A cold shiver ran through me. “You mean—?”
“We’re checking it out,” he said quietly. “But you were lucky, ma’am. Real lucky.”
That night replayed in my mind for weeks. I scrubbed the blood from my car door the next morning, but I couldn’t wash away the memory of his handprint sliding down the glass. I stopped taking night shifts, started locking my doors twice, even installed a motion light by the driveway.
A month later, I ran into one of my clinic patients at the grocery store—a talkative older woman who liked to gossip. She’d heard about my encounter.
“Scary thing, that,” she said, bagging her apples. “My cousin had something like that happen last year. Guy flagged her down, said he was hurt. Tried to rob her when she stopped. Same road, too.”
The words chilled me. I went home and started digging through old local news articles, reading by the light of my kitchen lamp. There they were—stories scattered over the past few years. Men pretending to be injured, waving down cars late at night. Some ended in robberies. A few ended worse.
Robert Kline, the man from that night, wasn’t the first—and he wouldn’t be the last.
I told my coworkers, warned them during a coffee break. “If you ever see someone hurt on those back roads,” I said, “don’t stop. Call it in, but don’t stop.”

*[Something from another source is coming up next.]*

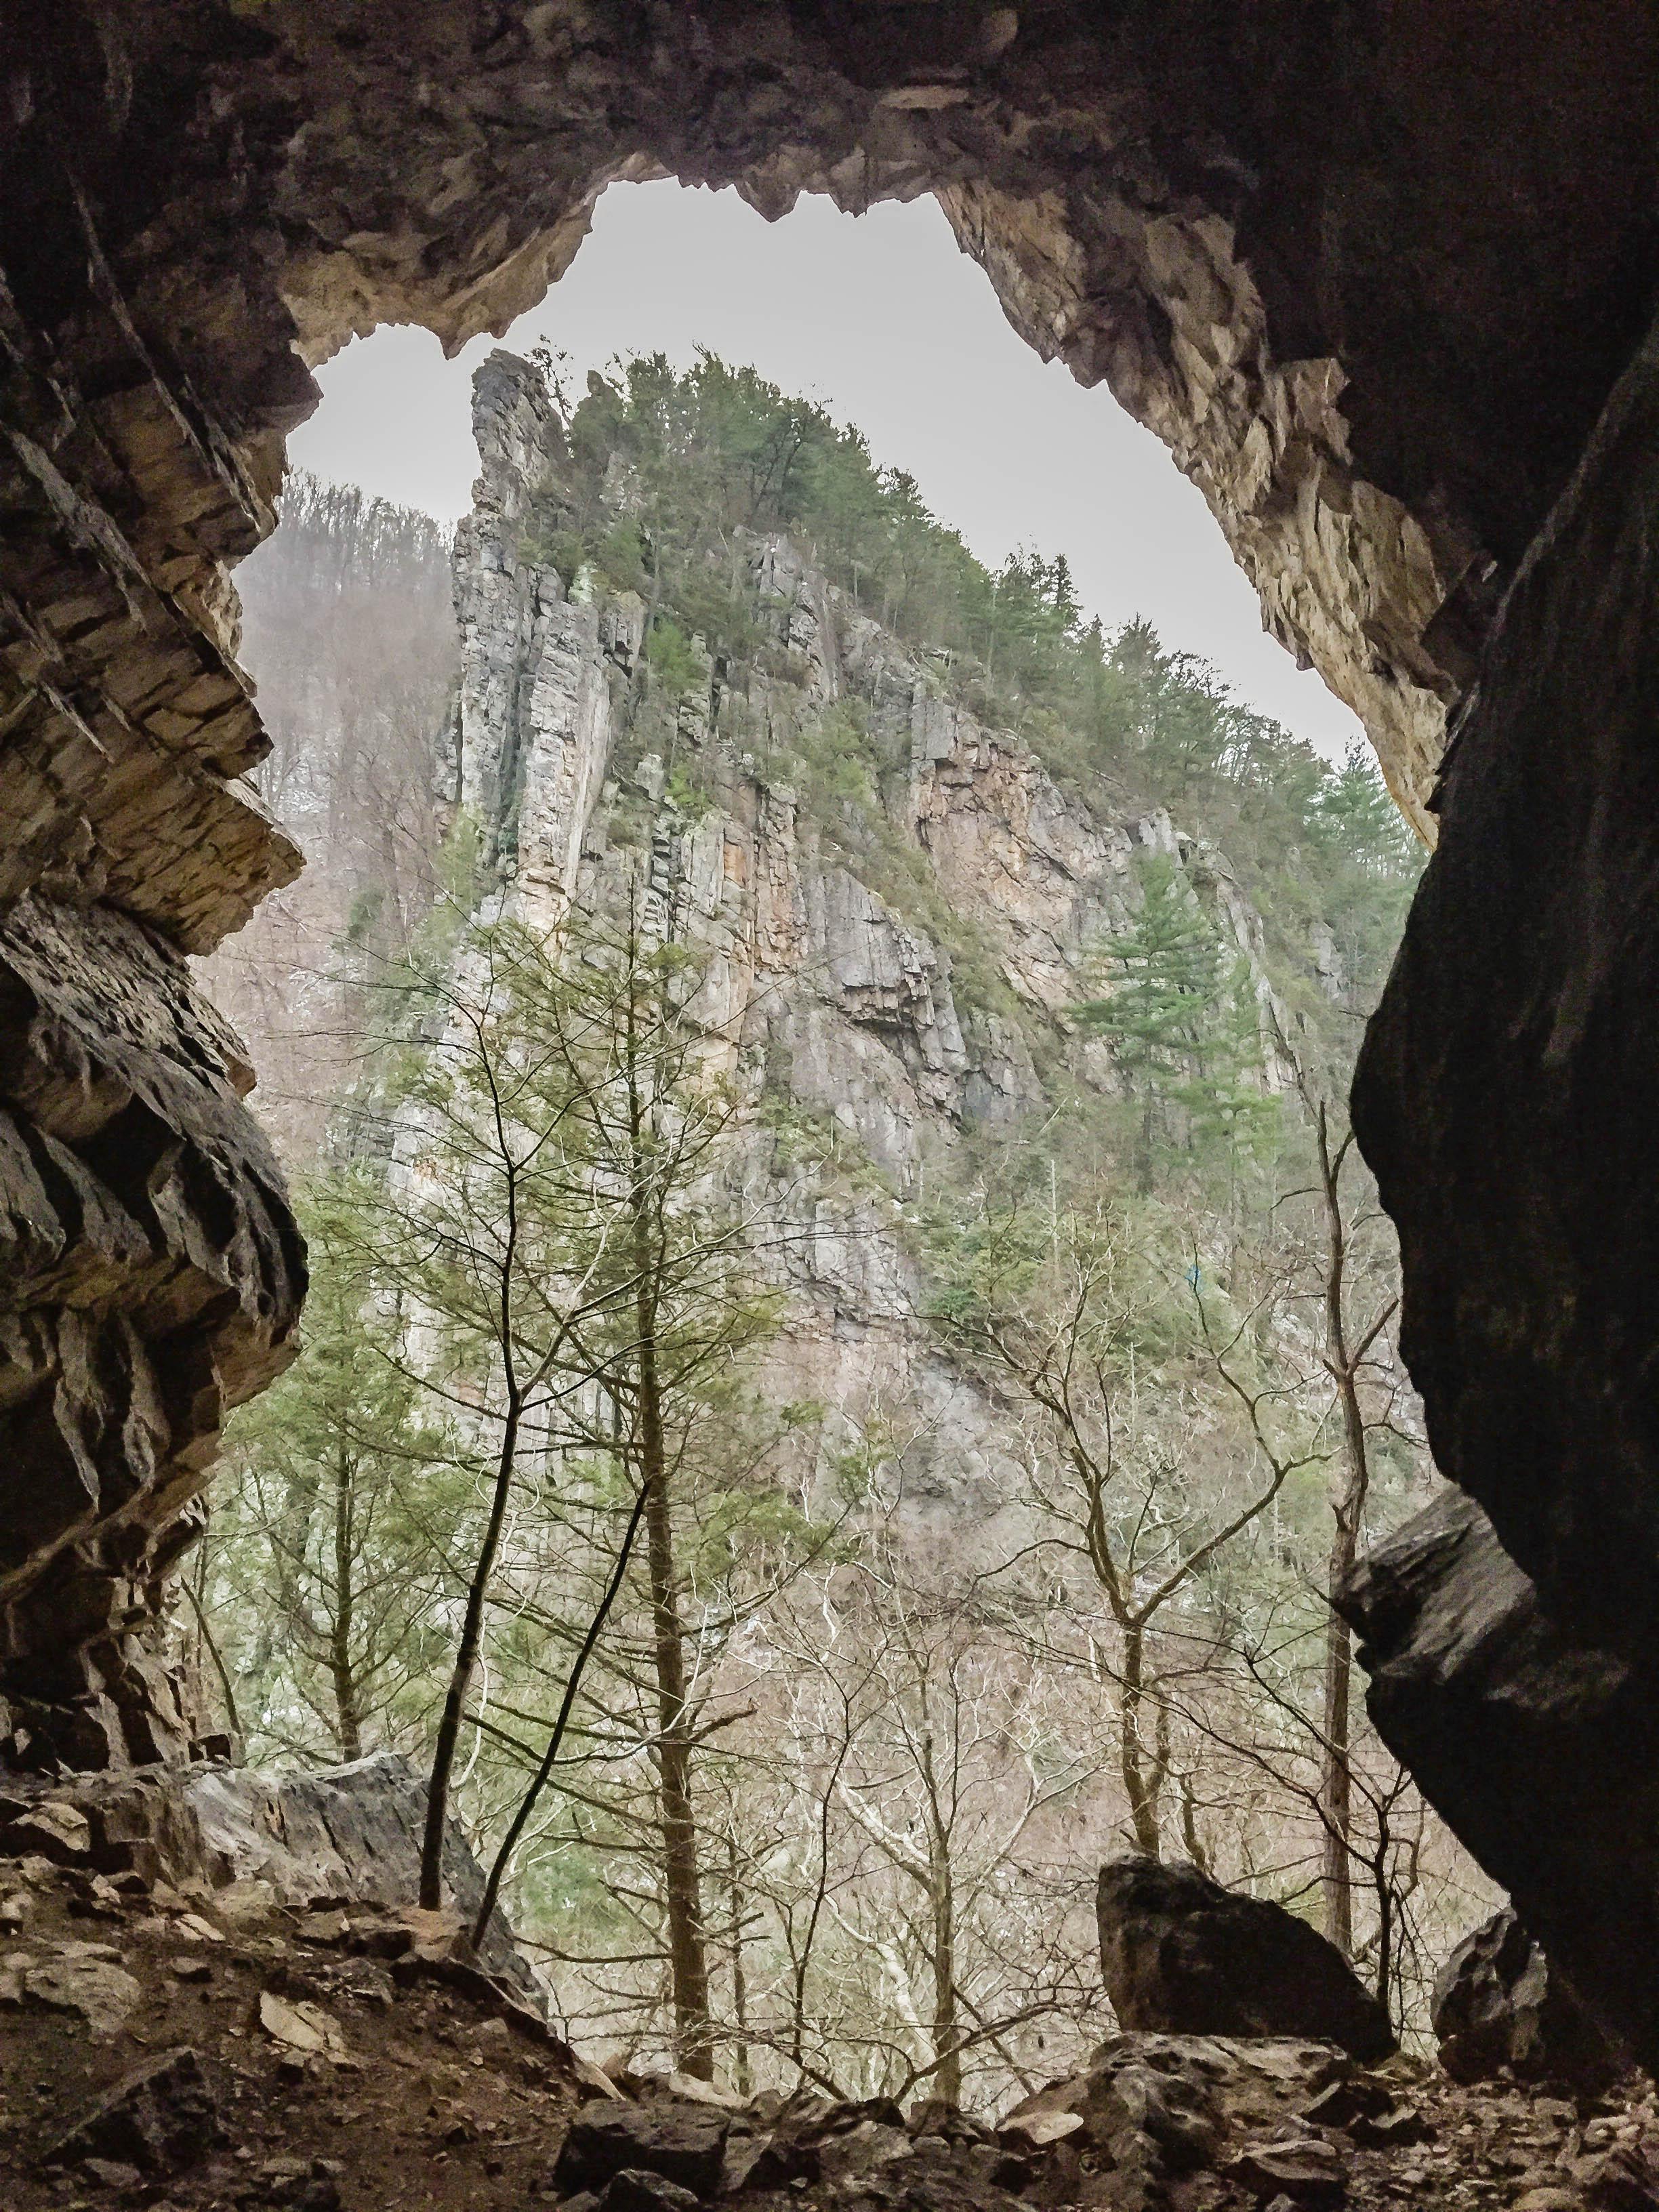 Cave at Seneca Rocks Trail (east side)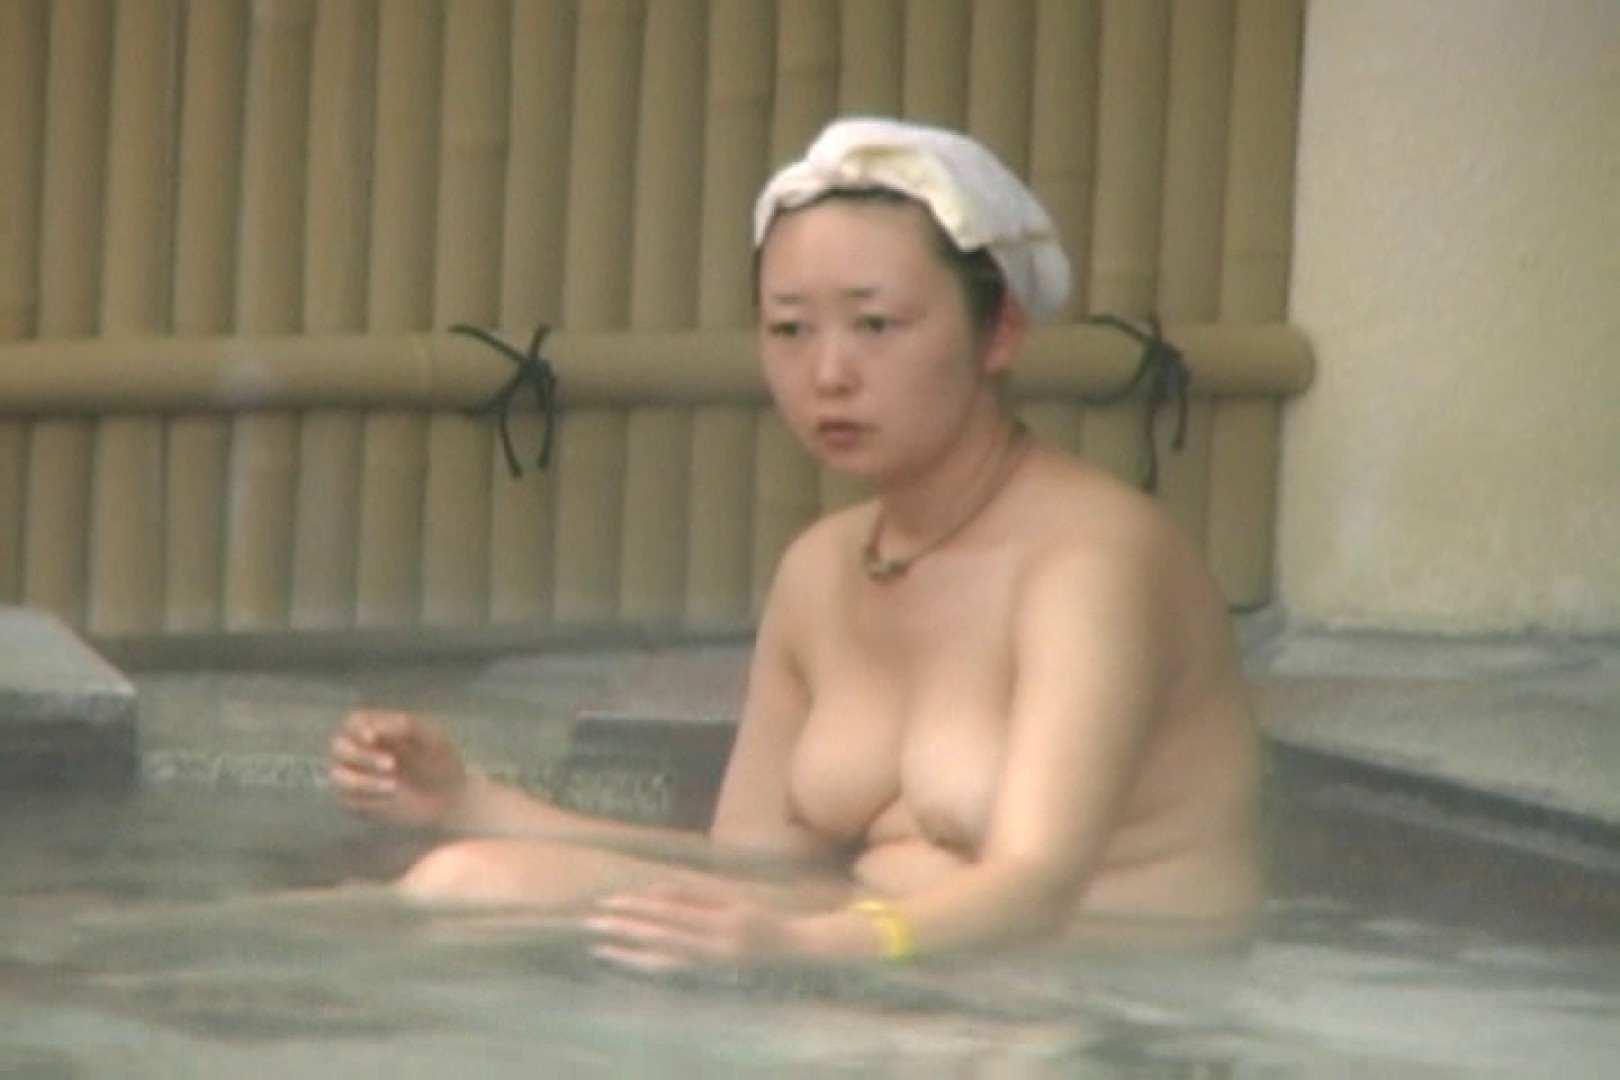 Aquaな露天風呂Vol.564 OL  87連発 66

They nodded, wide-eyed. One young aide asked, “What did he look like up close?”
I thought for a long moment before answering. “Like someone who could make you believe him—for a second. That’s all it would’ve taken.”
Sometimes, when I drive home after dark, I still glance at the side of the road. Every shape in the shadows makes my pulse quicken. Because I know now that not everyone waving for help wants to be saved.